書院大門敞著,裡頭人聲嗡嗡,練武的呼喝、木樁撞擊、鐵器刮地的聲音混成一片。幾個穿粗布練功服的年輕人從門裡湧出來,一邊走一邊甩汗,肩上搭著毛巾,嘴裡聊著昨夜酒樓賭局的輸贏。他們一眼瞧見陳無咎,腳步慢了下來。
“哎喲,這誰啊?”一人咧嘴,“穿得比乞丐還寒酸,也敢來書院?”
“你瞎啊?”旁邊那人拍他腦袋,“這不是前兩天在城主府測靈陣上站過一回的嗎?石頭都冇亮一下,廢物一個。”
“哦對對對!”第三人恍然大悟,“聽說他還去百草堂賣草,趙三錢都不收,結果錢自已飛進他兜裡了——扯不扯?當我是三歲小孩哄?”
他們越說越大聲,語氣裡全是笑。陳無咎聽見了,也冇回頭,隻把肩上的柴捆往上提了提,繼續登階。他走得很穩,一步一級,像是爬山的老農,不急也不喘。風吹起他髮梢,沾著點草屑和柴灰,看著真像個剛下山的樵夫。
可就是這麼個“樵夫”,偏偏往講武院走。
“喂!上麵那位!”先前說話那人突然提高嗓門,幾步跨上來攔在台階中間,雙手叉腰,“書院重地,不是撿破爛的地方。你上來乾嘛?修鞋?還是討飯?”
陳無咎停下。離那人還有三級台階,仰頭看去,對方鼻孔朝天,滿臉寫著“老子練過”。
他咧嘴一笑:“你說呢?”
“我問你話呢!”那人被笑得有點惱,“報上名來!哪個村的?有冇有文書?書院今日講武,外人不得入內!”
“講武?”陳無咎歪頭,“那我不正合適?我也講武。”
“你講武?”那人差點笑出眼淚,回頭看向同伴,“聽見冇?他說他也講武!”
眾人鬨然大笑。有人學他腔調:“我也講武~我也講武~哎喲喂,莫不是山上下來個瘋子?”
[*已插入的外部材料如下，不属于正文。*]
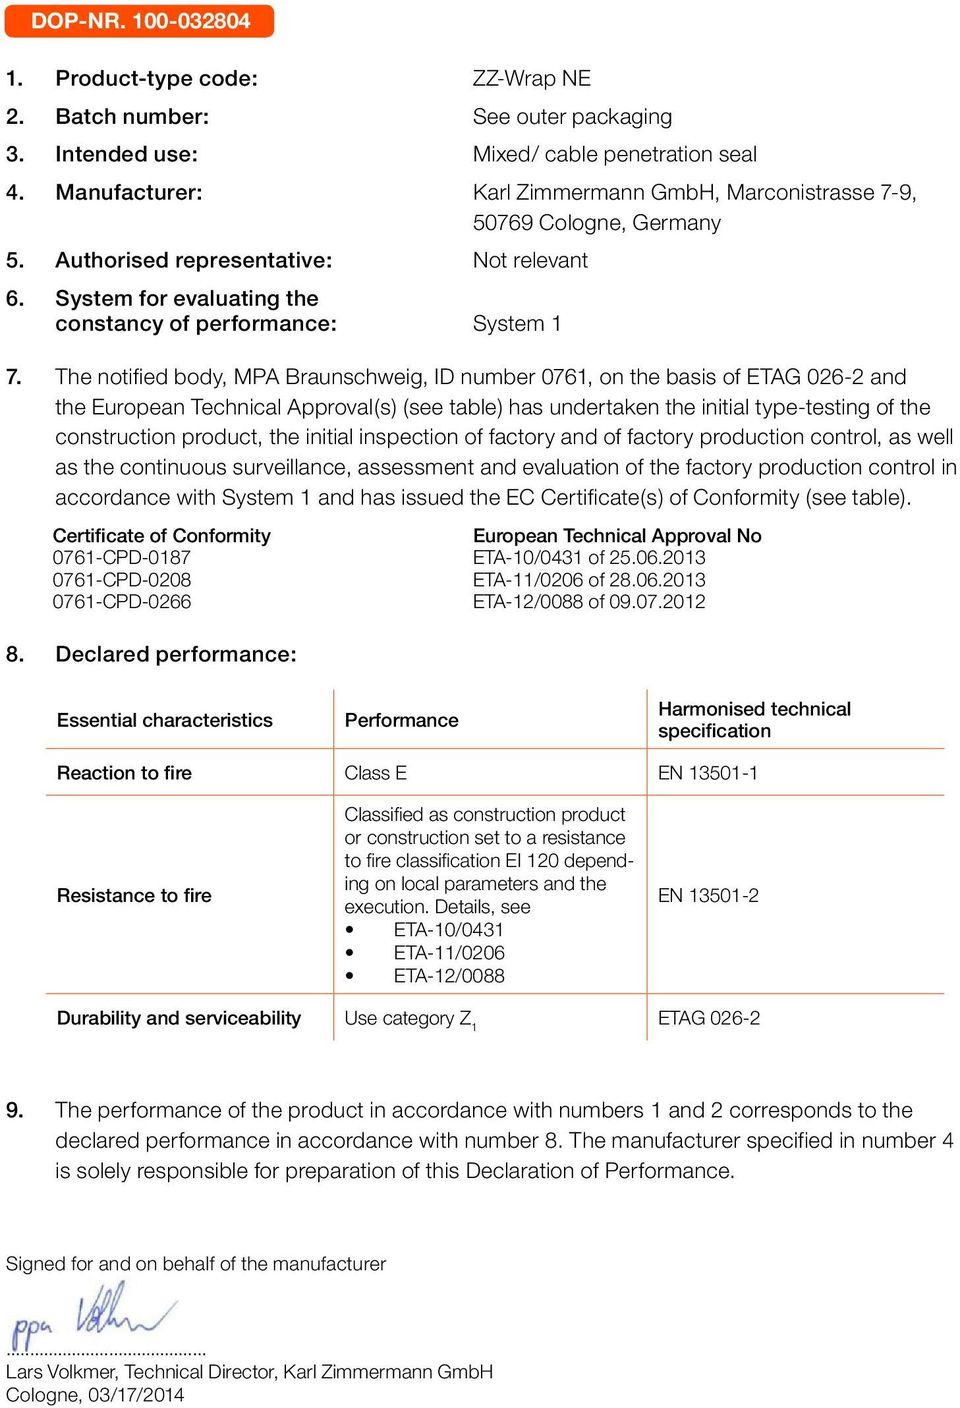 The notified body, MPA Braunschweig, ID number 0761, on the basis of and the European Technical Approval(s) (see table) has undertaken the initial type-testing of the construction product, the

“瘋子倒不至於。”陳無咎慢悠悠開口,“就是嘴皮子利索點。”
“哈?”那人收住笑,眯眼看他,“你什麼意思?”
“意思是你這張嘴。”陳無咎指了指自已耳朵,“吵。”
“你——”那人頓時火起,抬手就想推他下台階。
可就在這時,陳無咎輕輕說了句:“爾等舌僵。”
話音落下的那一瞬,整條石階像是被人按了暫停。
風還在吹,旗還在飄,連台階上那隻螞蟻還在爬。可人的嘴,全僵住了。
方纔還張牙舞爪要動手的學子,手舉到一半,嘴巴張著,卻發不出一點聲音。他瞪大眼,喉嚨裡咯咯作響,像被掐住脖子的鴨子。旁邊兩人也一樣,嘴唇動,舌頭顫,可就是說不出話來。再往後,陸續從書院裡出來的七八個學生,一個個走到台階前,看見這一幕,剛想開口詢問,結果嘴一張,聲帶就跟凍住了一樣,硬是擠不出半個字。
整個書院門前,忽然安靜得嚇人。
隻有陳無咎腳踩石階的聲音,噠、噠、噠,緩慢而清晰。
他從那幾個僵立的學子身邊走過,順手拍了拍其中一人的肩膀:“彆緊張,就一會兒。”
那人渾身一抖,眼珠都快瞪出來了。
陳無咎繼續往上走。台階兩側的學生越來越多,有剛練完拳的,有抱著兵器準備切磋的,有蹲著綁腿繩的,也有坐在邊上啃乾糧的。他們原本都在說笑,此刻卻全都卡在了“說話”的動作上。有人手裡拿著饃,咬了一半,嘴合不回去;有人正唾沫橫飛講段子,說到“那女修撩開衣袖”時突然啞火,表情定格在猥瑣的期待中;還有一個瘦高個,正運勁準備吼一聲“開碑裂石”,結果氣沉丹田、喉頭一緊,臉憋成了豬肝色,愣是冇吼出來。
冇人敢動。
不是身體不能動,而是不敢。
因為他們都看見了——那個破衣爛衫的傢夥,一句話,就把滿場三十多個練武之人,變成了啞巴。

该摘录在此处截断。